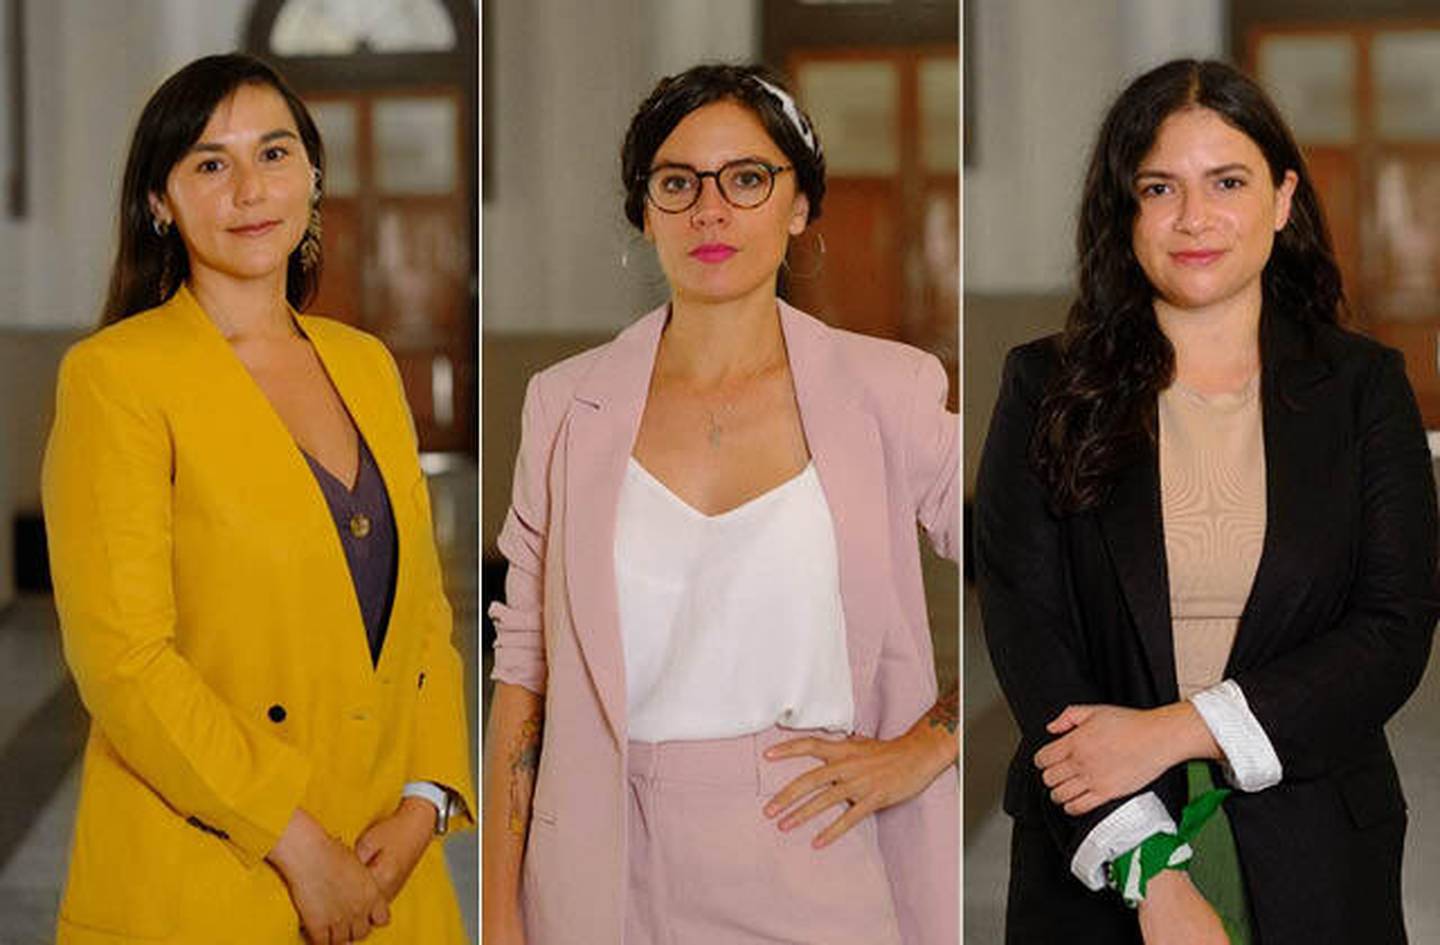 Izkia Siches (Ministro del Interior), Camila Vallejo (portavoz del Gobierno) y Antonia Orellana (Ministro de la Mujer).dfd
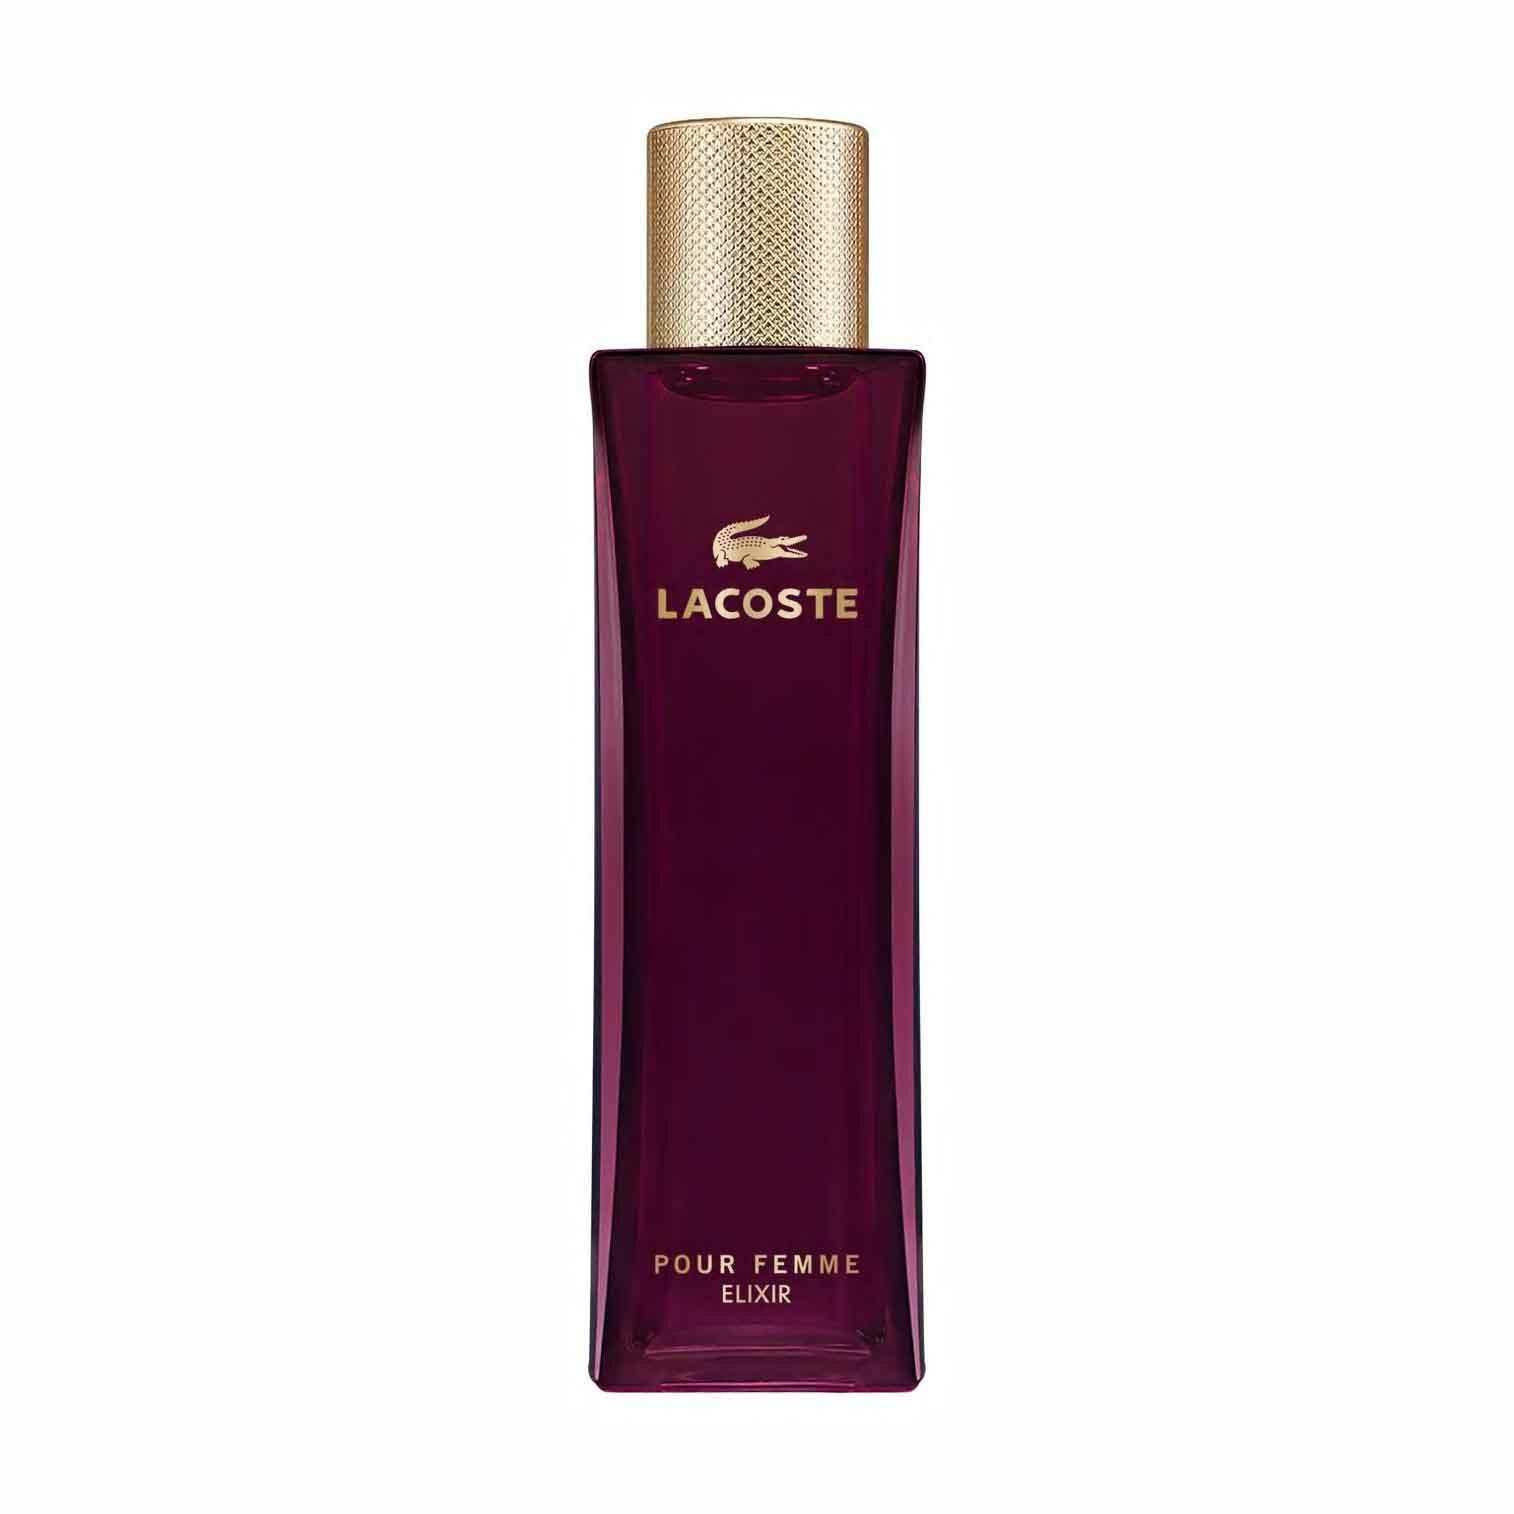 Lacoste Elixir for Women - 50ML
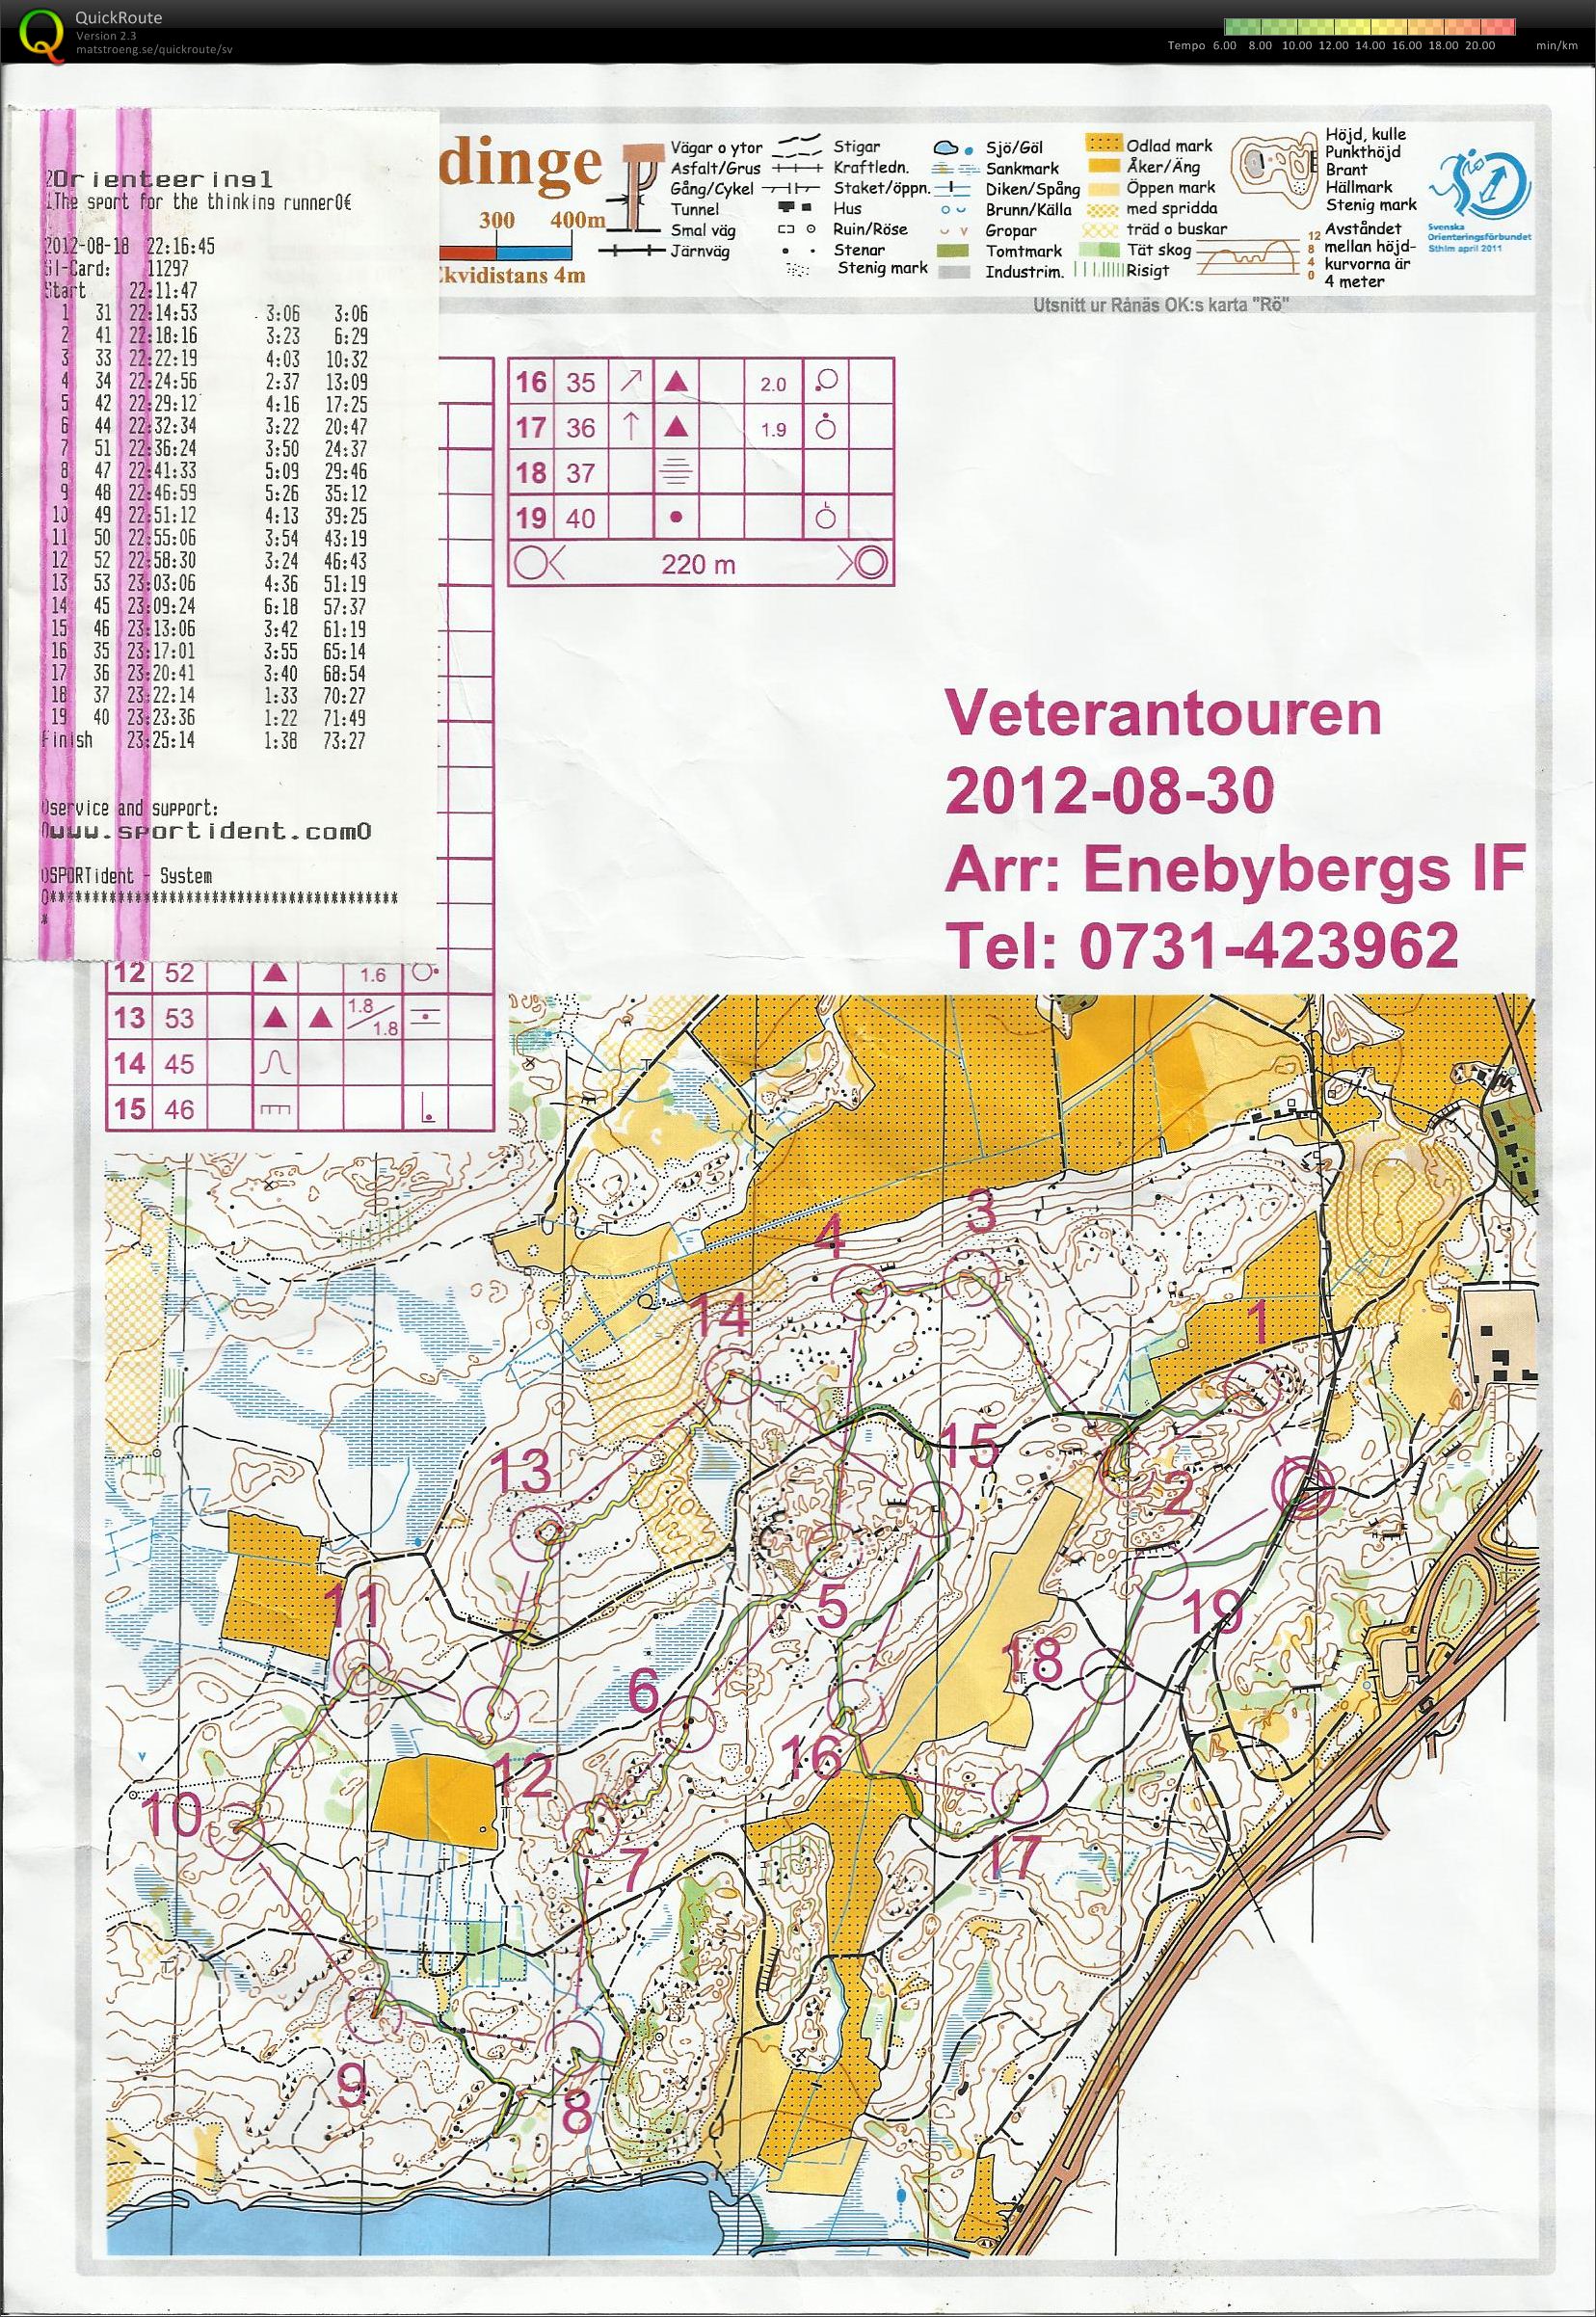 Veterantouren Enebyberg (30.08.2012)
————
Would you copy out every line of the data above exactly, minus the pictures?

 Izkia Siches (Ministro del Interior), Camila Vallejo (portavoz del Gobierno) y Antonia Orellana (Ministro de la Mujer).dfd
 Lacoste Elixir for Women - 50ML
 Veterantouren Enebyberg (30.08.2012)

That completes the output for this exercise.